• Exercise brief
Copy the listing that follows exactly. Its pictures do not belong in the copy.

• Provided data
+-------+

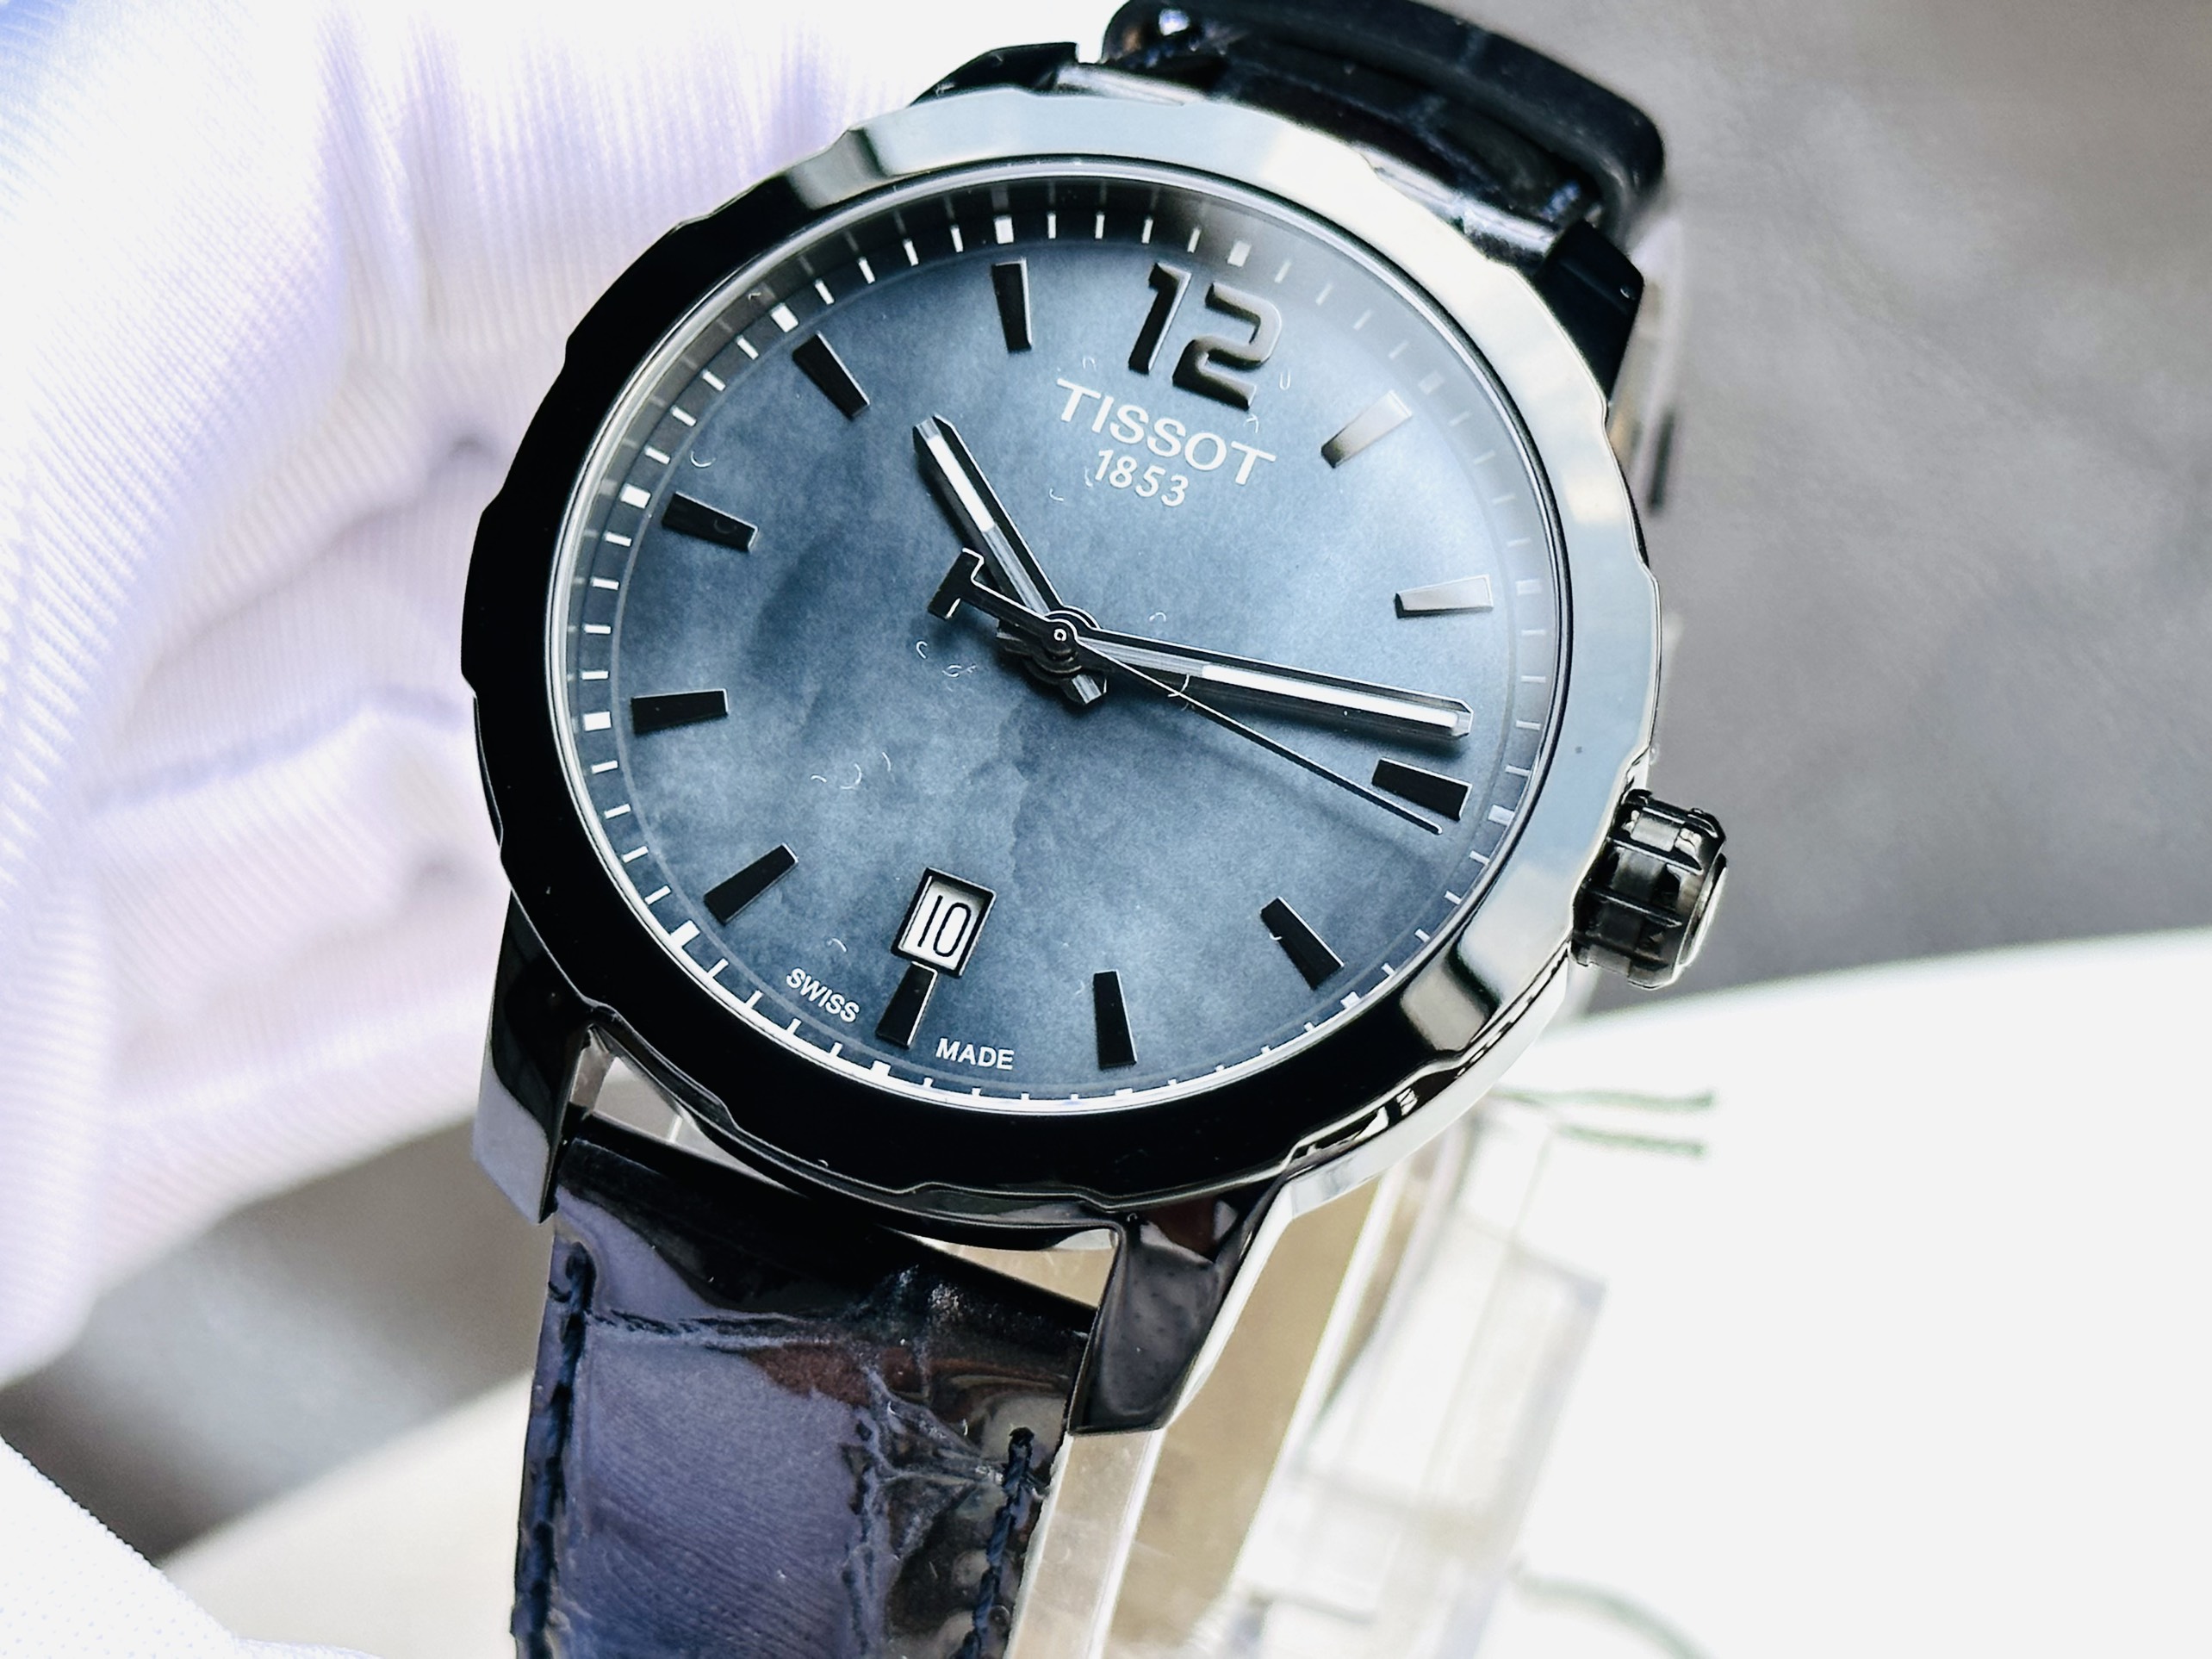 Đồng hồ nam Quickster Black Mother of Pearl Dial Anthracite T095.410.36.127.00
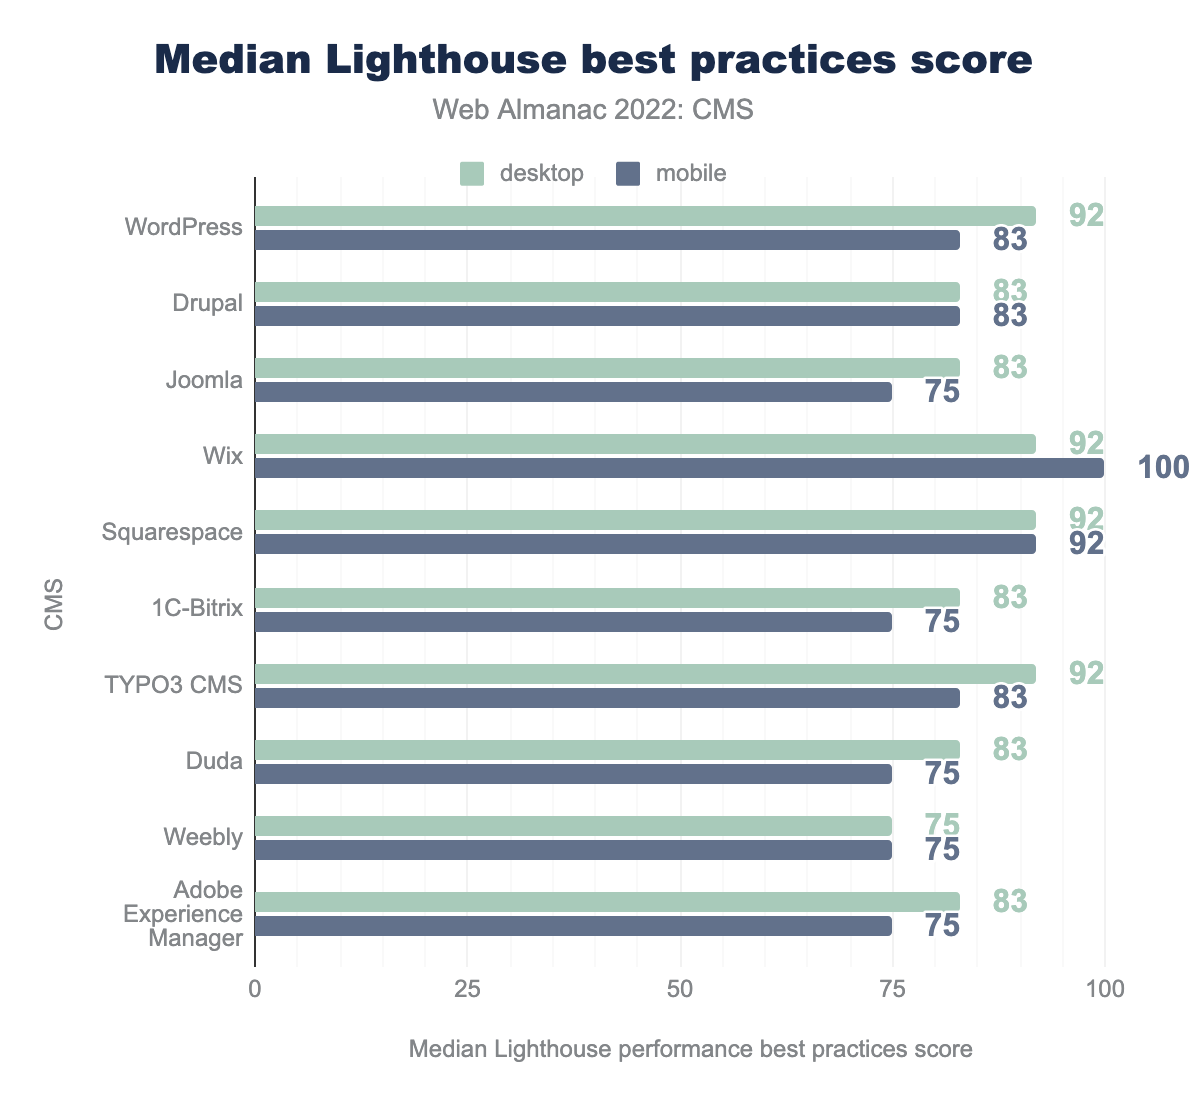 Media Lighthouse best practices scores.
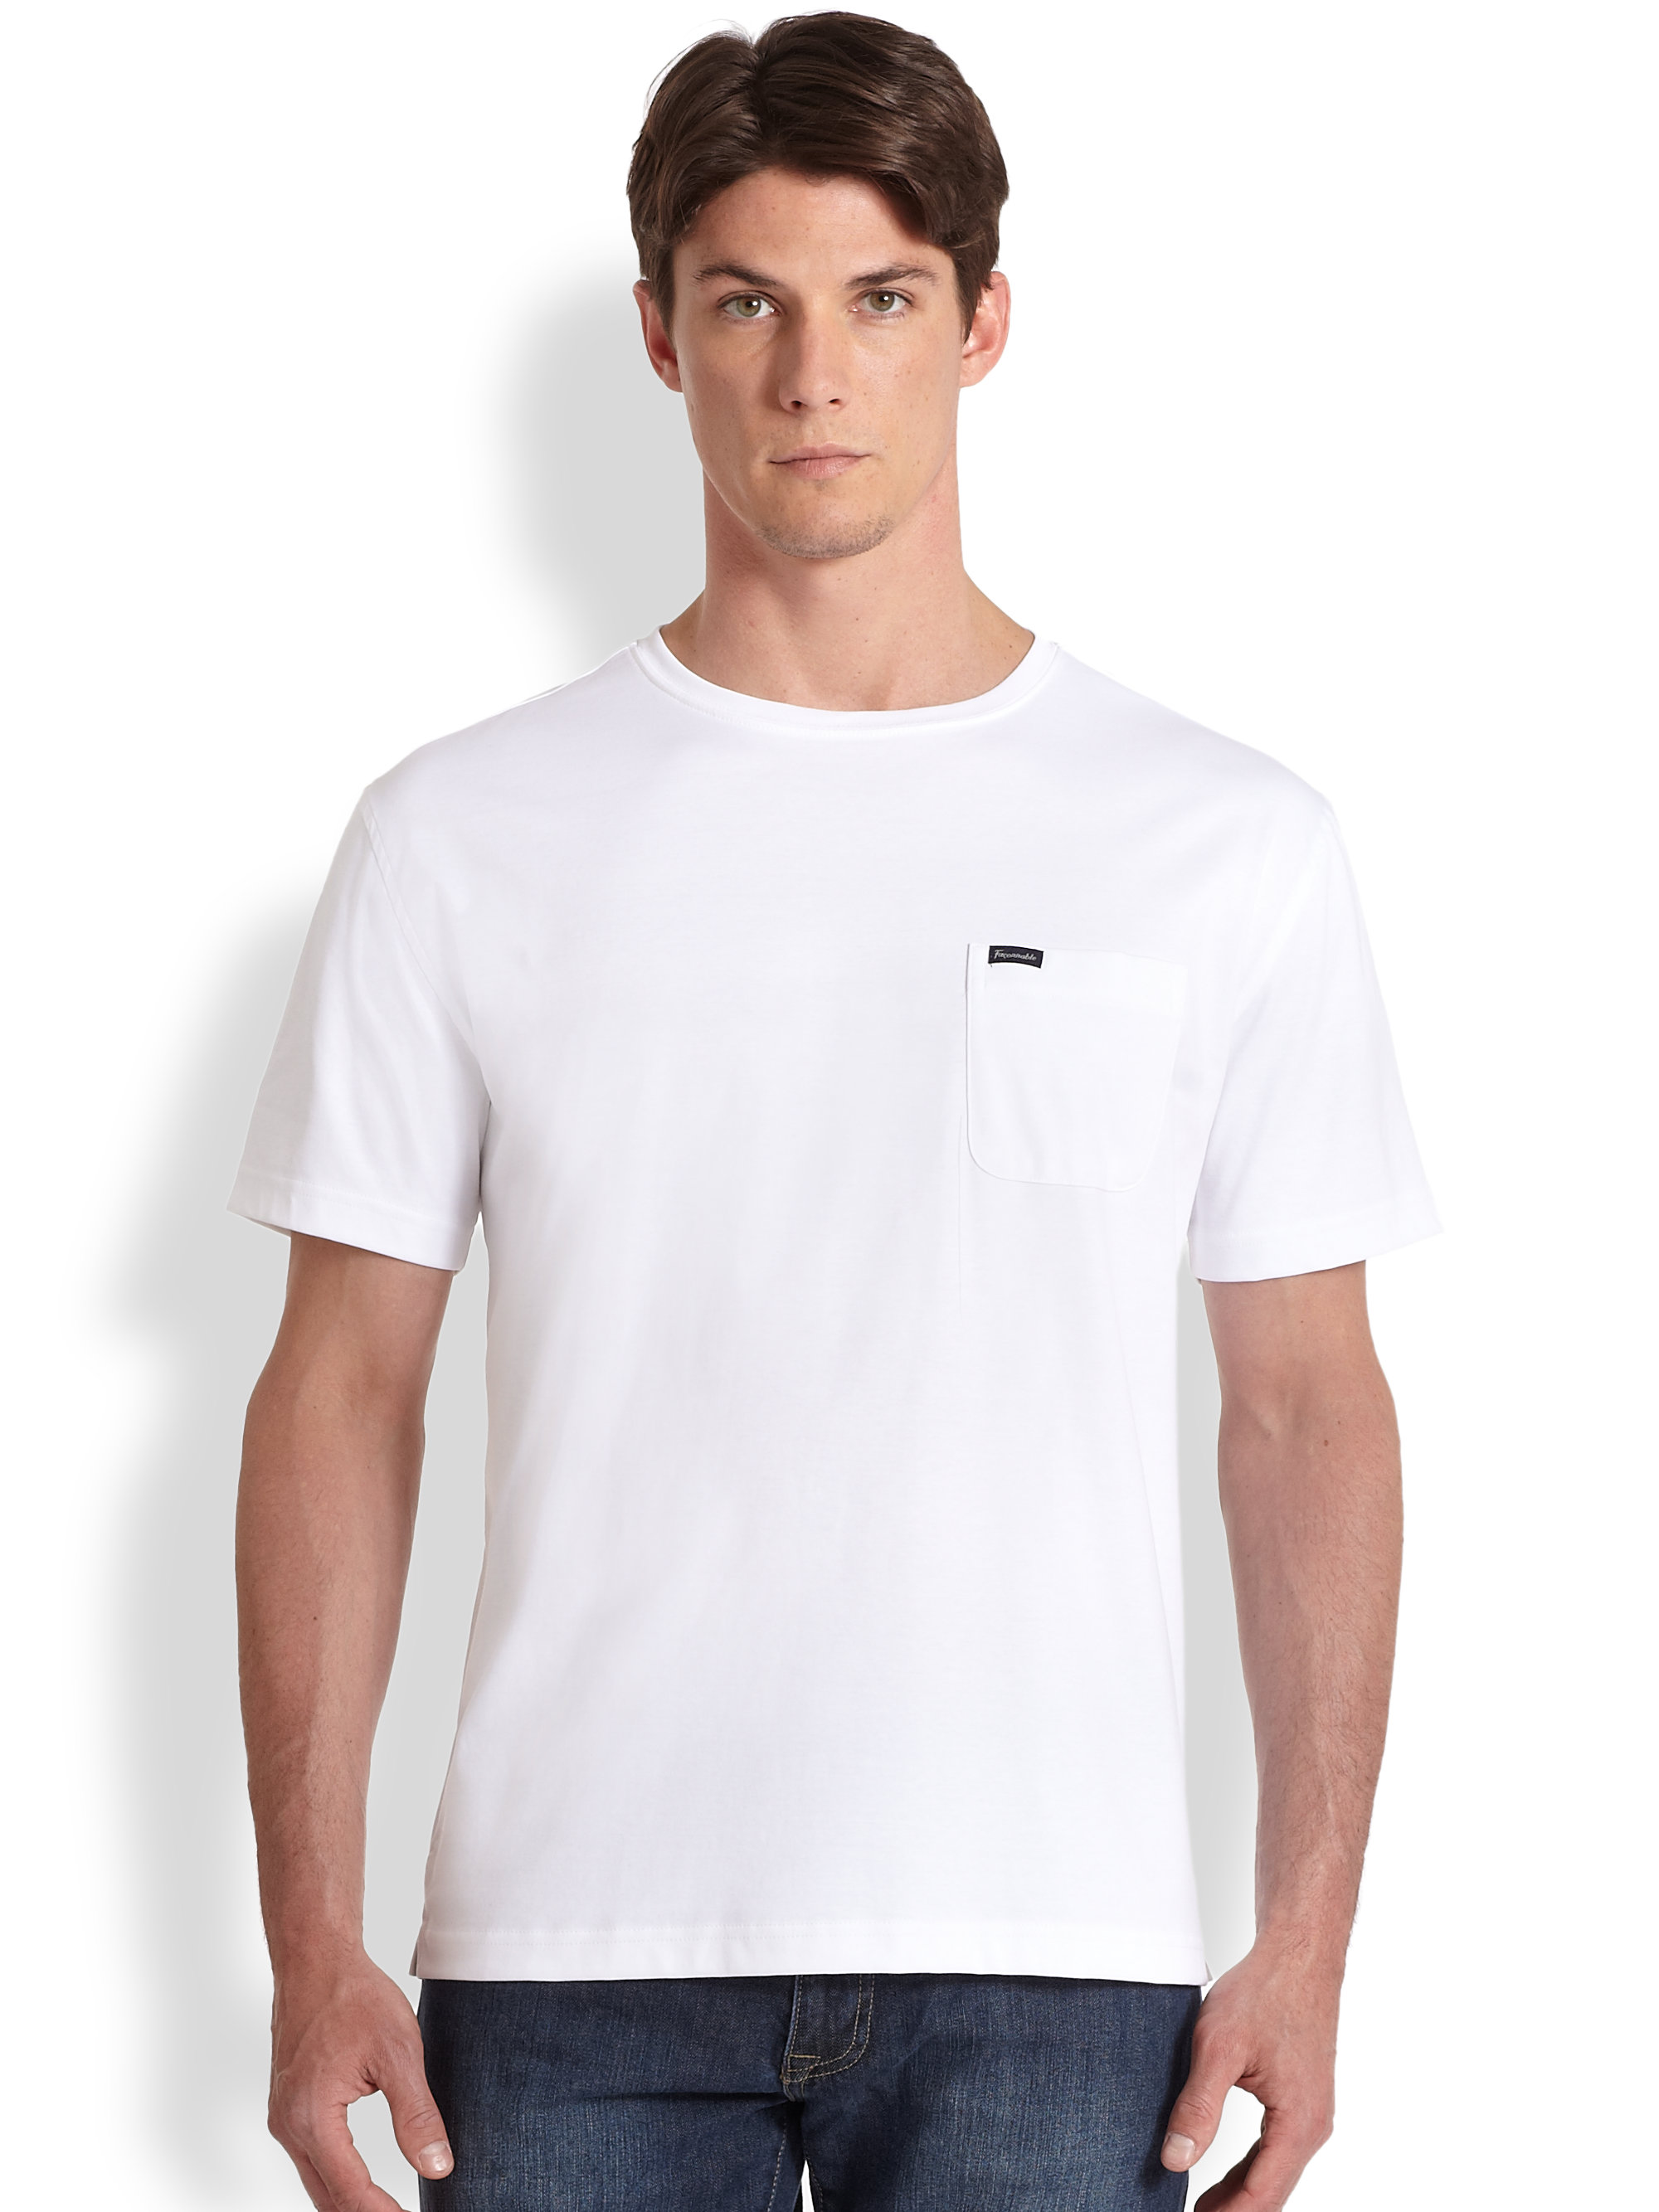 Façonnable Crewneck Pocket Tee in White for Men - Lyst

+-------+

• The completed task
 Đồng hồ nam Quickster Black Mother of Pearl Dial Anthracite T095.410.36.127.00
 Media Lighthouse best practices scores.
 Façonnable Crewneck Pocket Tee in White for Men - Lyst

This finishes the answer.